Ma una quantità 10 volte superiore a quella dei RAEE esportati – cioè circa 4,7 milioni di tonnellate – è invece stata gestita in modo ambientalmente non corretto o commercializzata in modo illegale all’interno dell’Europa. Lo studio sottolinea inoltre come sistemi efficaci di monitoraggio delle performance di rimozione delle sostanze inquinanti e adeguati standard di trattamento dei RAEE non siano pienamente utilizzati neppure negli Stati Europei più avanzati dal punto di vista del controllo ambientale.

La diffusa sottrazione dai RAEE di componenti che hanno un significativo valore economico – come le schede elettroniche o i metalli più preziosi – si traduce in una seria perdita per l’industria legale del riciclo in Europa, stimata tra 800 e 1.700 milioni di euro all’anno.

Per contro, i minori costi derivanti dal mancato rispetto delle regole comunitarie (in particolare per quanto riguarda l’eliminazione delle sostanze inquinanti) oscillano tra 150 e 600 milioni di euro all’anno.

Afferma Pascal Leroy, Segretario Generale del WEEE Forum (l’associazione europea della quale fanno parte i principali sistemi collettivi che si occupano di RAEE): “I RAEE sono la tipologia di rifiuti con il più alto tasso di crescita in tutto il mondo.
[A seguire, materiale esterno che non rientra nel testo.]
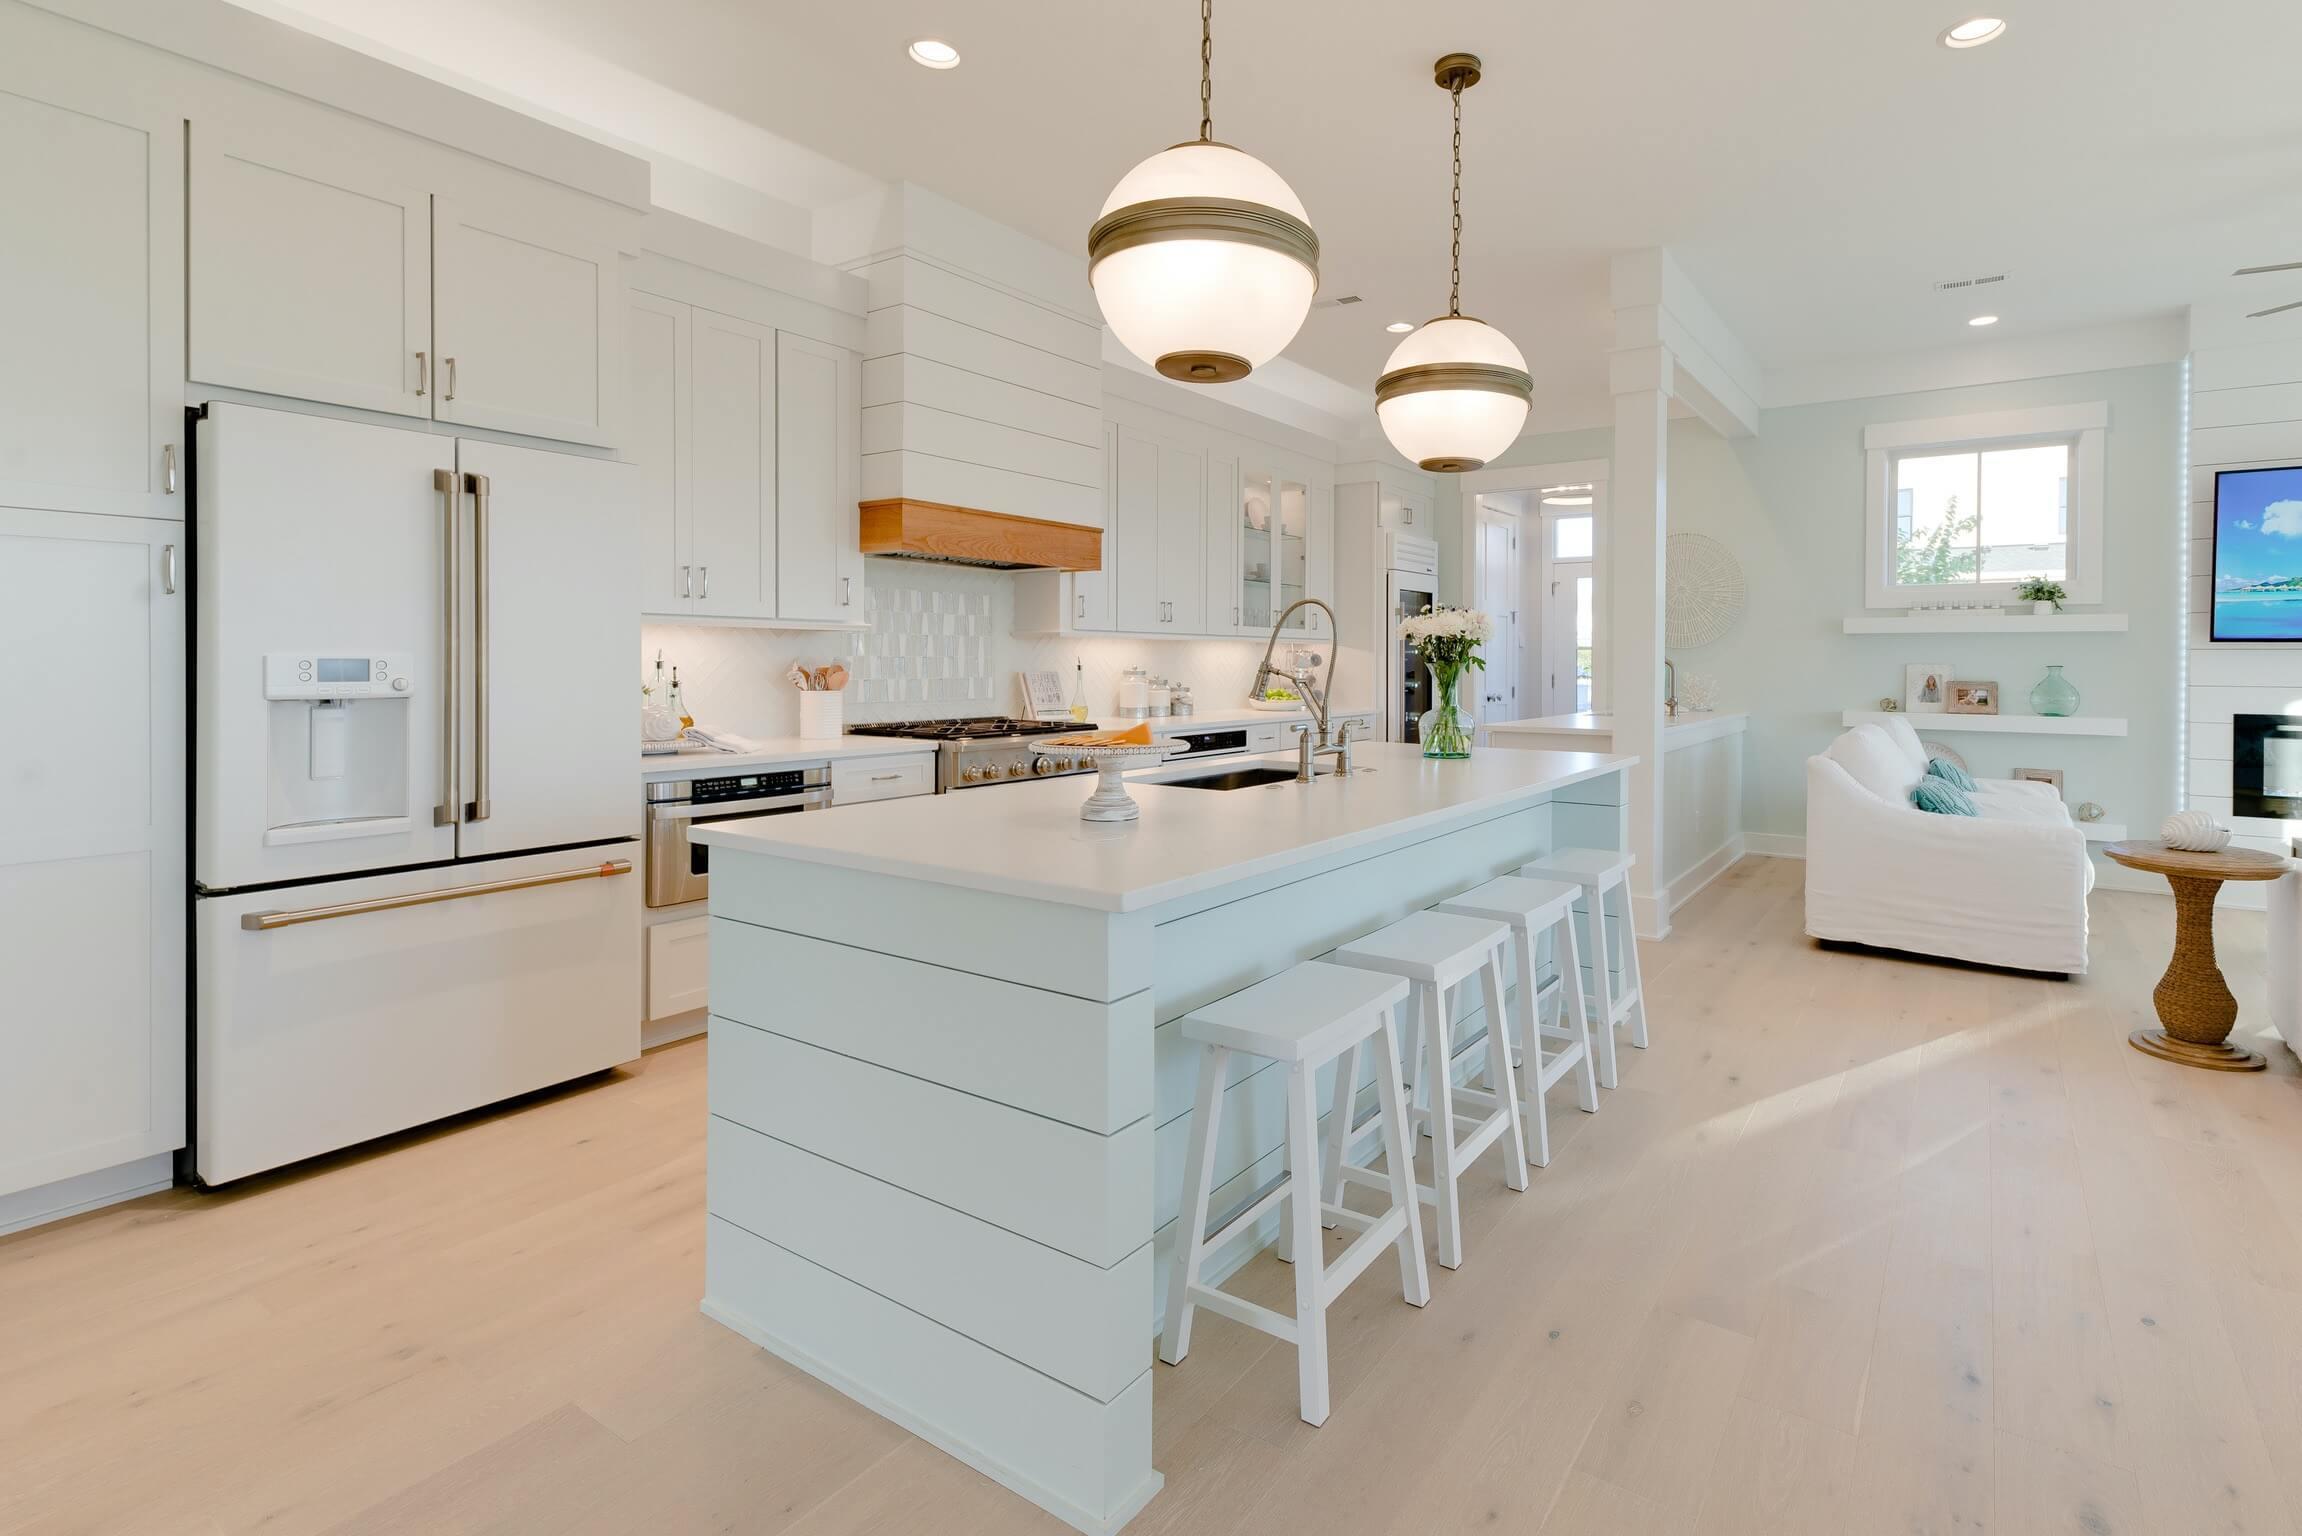 Kitchen featured in the Bar Harbor By Stephen Alexander Homes in Norfolk-Newport News, VA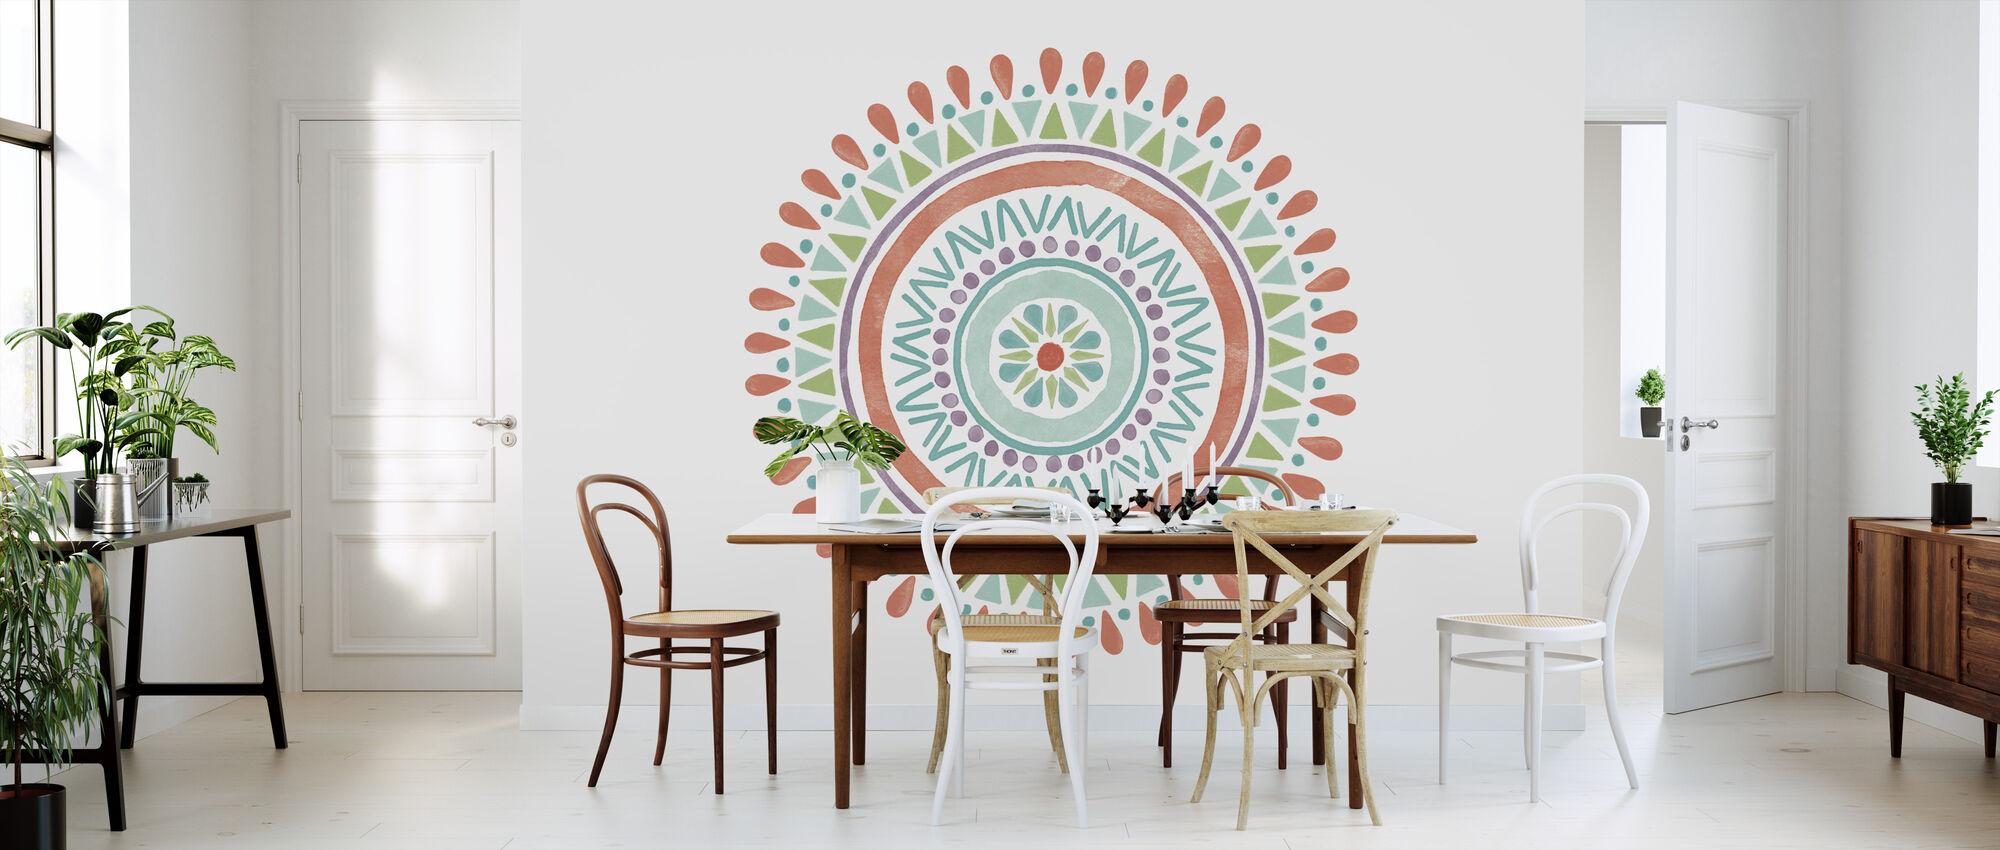 Lovely Llamas Mandala II - Wallpaper - Kitchen

Il peso dei RAEE che ogni anno in Europa sono gestiti in modo ambientalmente non corretto è pari a quello di un muro di mattoni alto 10 metri che va da Oslo fino in fondo all’Italia. E’ indispensabile estrarre dai RAEE e riciclare nel modo più intenso possibile tutti i metalli e tutti i componenti economicamente interessanti, tra cui le materie prime critiche (come ad esempio le terre rare)”.

Uno studio di United Nations University effettuato lo scorso anno ha evidenziato che nei 41,8 milioni di tonnellate di RAEE che vengono buttati ogni anno nel mondo ci sono sostanze tossiche come piombo (circa 2,2 milioni di tonnellate), batterie (300.000 tonnellate), mercurio, cadmio, cromo e gas ozono-lesivi (CFC, circa 4.400 tonnellate). I potenziali problemi per la salute umana collegati a queste sostanze tossiche vanno dallo sviluppo mentale, al cancro, ai danni epatici e renali.